Steve Fiscor Publisher & Editor-in-Chief

Russia’s Nornickel is the world’s largest palladium miner and one of the largest nickel miners. With palladium prices hovering around $2,000/oz, one would think this mining company would be set, and they were until a fuel tank at a power plant near Norilsk ruptured. The spill quickly snow-balled into a full-blown environmental disaster. No one was injured, but this event has brought unwanted attention to a proud mining company. During June, the company decided to sell non-core assets in Australia (See News, p. 13) and, as this edition was going to press, it was defending itself from damages assessed by the federal environmental regulatory authority.

E&MJ doesn’t normally report minor equipment mishaps and engineering fails. They happen every month. When the first press release from Nornickel arrived regarding the leak, it seemed like a formal acknowledgement of a minor incident. In a normal year, much like other mining companies, Nornickel would issue a dozen or so press releases. Soon, biweekly updates began to arrive with photos of the progress. It seemed the company was doing its best to be transparent, but no good deed goes unpunished.

On May 29, ground that had supported the tank for 30 years subsided causing the leak. By the end of the following day, Nornickel had pumped more than 100 metric tons of diesel fuel into a containment area, treated the contaminated ground with sorbents and began installing booms on a tributary to the Ambarnaya River. More people and equipment steadily arrived on-site to assist with the cleanup. By June 7, one week after the spill, more than 500 people had become involved in the cleanup (300 from Nornickel). They had removed 50,000 mt of contaminated soil, pumped 949 mt of fuel from the area around the power plant and skimmed more than 913 mt of a fuel/water mixture from 18 boom lines on the river. A week later, Nornickel COO Sergey Dyachenko announced that the first stage of the cleanup efforts had been completed. He thanked everyone involved in the effort including experts from LaFarge-Holcim and Norway who had experience and arrived on-site almost immediately to advise the company.

A week later, Russian President Vladimir Putin hosted a meeting to discuss the progress. The Minister of Emergency Control Evgeny Zinichev reported the second phase of the cleanup was almost complete, with a total of 32,000 m3 of water-fuel mixture collected and 103,000 mt of contaminated soil removed. Nornickel President Vladimir Potanin emphasized that the company intended to fully fund the environment rehabilitation costs related to the accident and added that the company has already spent RUB5 billion ($70 million). “Truly remarkable work has been accomplished,” Putin said. “I know that the situation has been successfully reversed.”

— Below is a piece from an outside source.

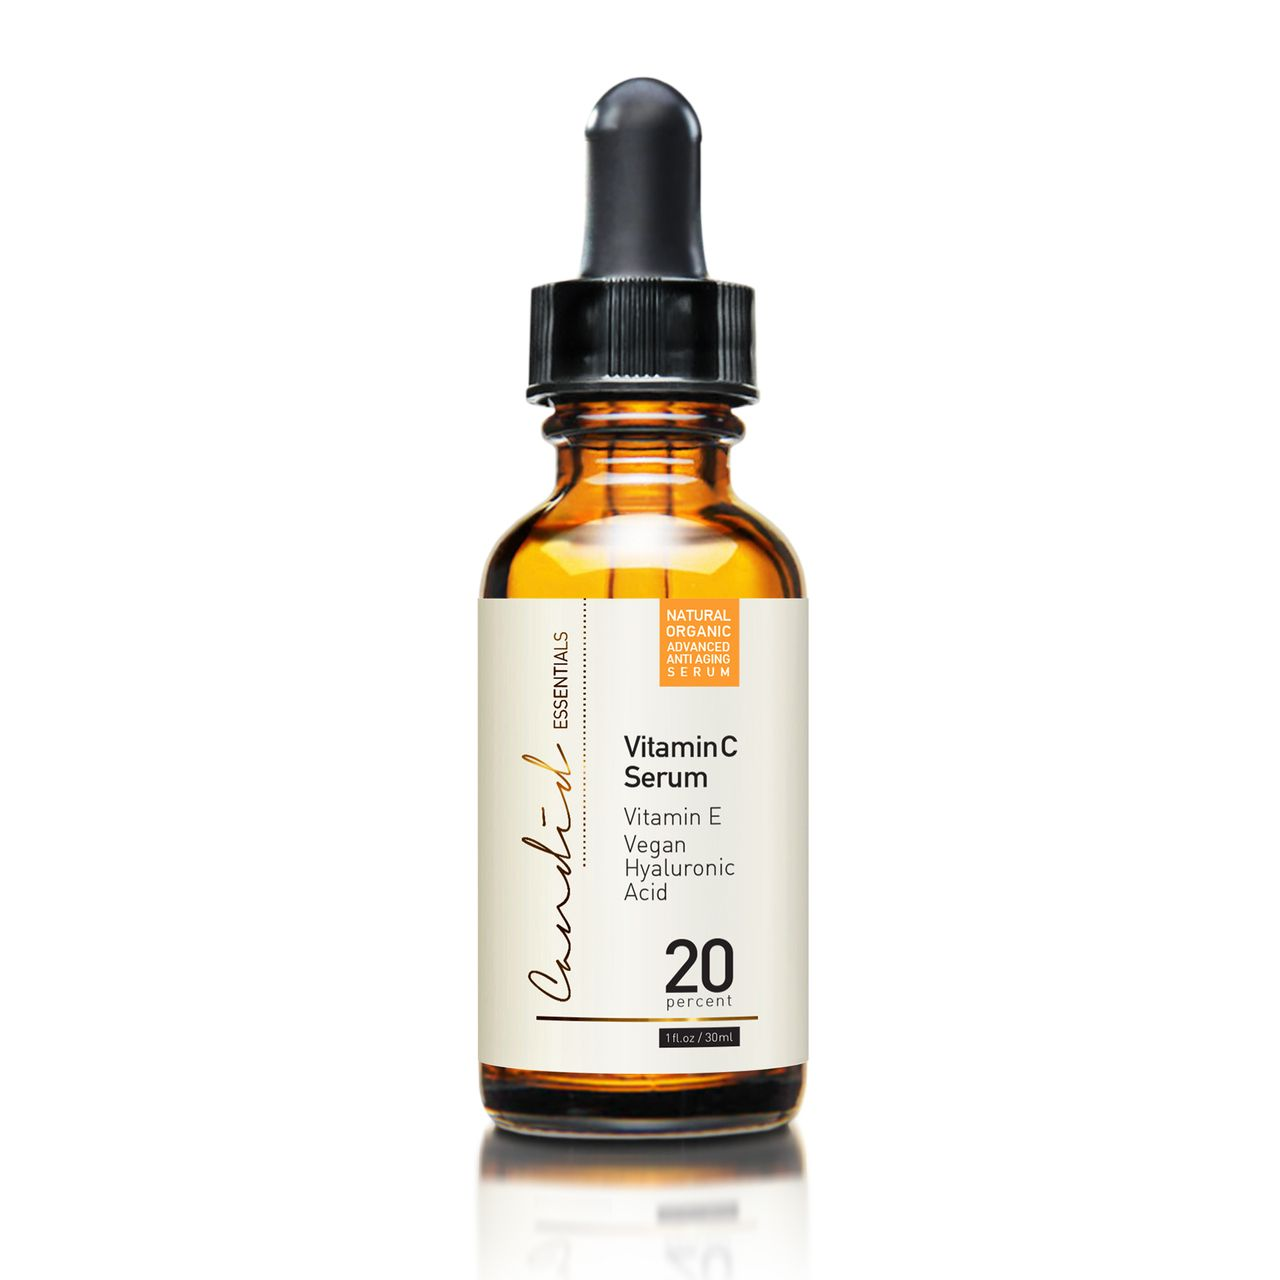 Photo of 20% Vitamin C Serum

The next step will be the restoration of biodiversity. Nornickel said it would provide financing for the construction of a fish hatchery, but the government wants more. It launched an ethnological expert review on the Taimyr Peninsula to assess the damage caused to the indigenous minorities of the North. They have invited experts from the Federal Agency for Ethnic Affairs and several academic institutions. The commission is expected to assess the impact of the fuel spill on the lifestyle and traditional industries of the indigenous northern minorities by studying current and future influences of the incident on hunting and fishing, reindeer herding and preservation of cultural traditions.

As this edition was going to press, the Federal Service for Supervision of Natural Resources Management had estimated that the complete restoration will cost Nornickel approximately $2 billion. While it reiterated its commitment to covering the costs of remediation, the company was vigorously disputing that figure.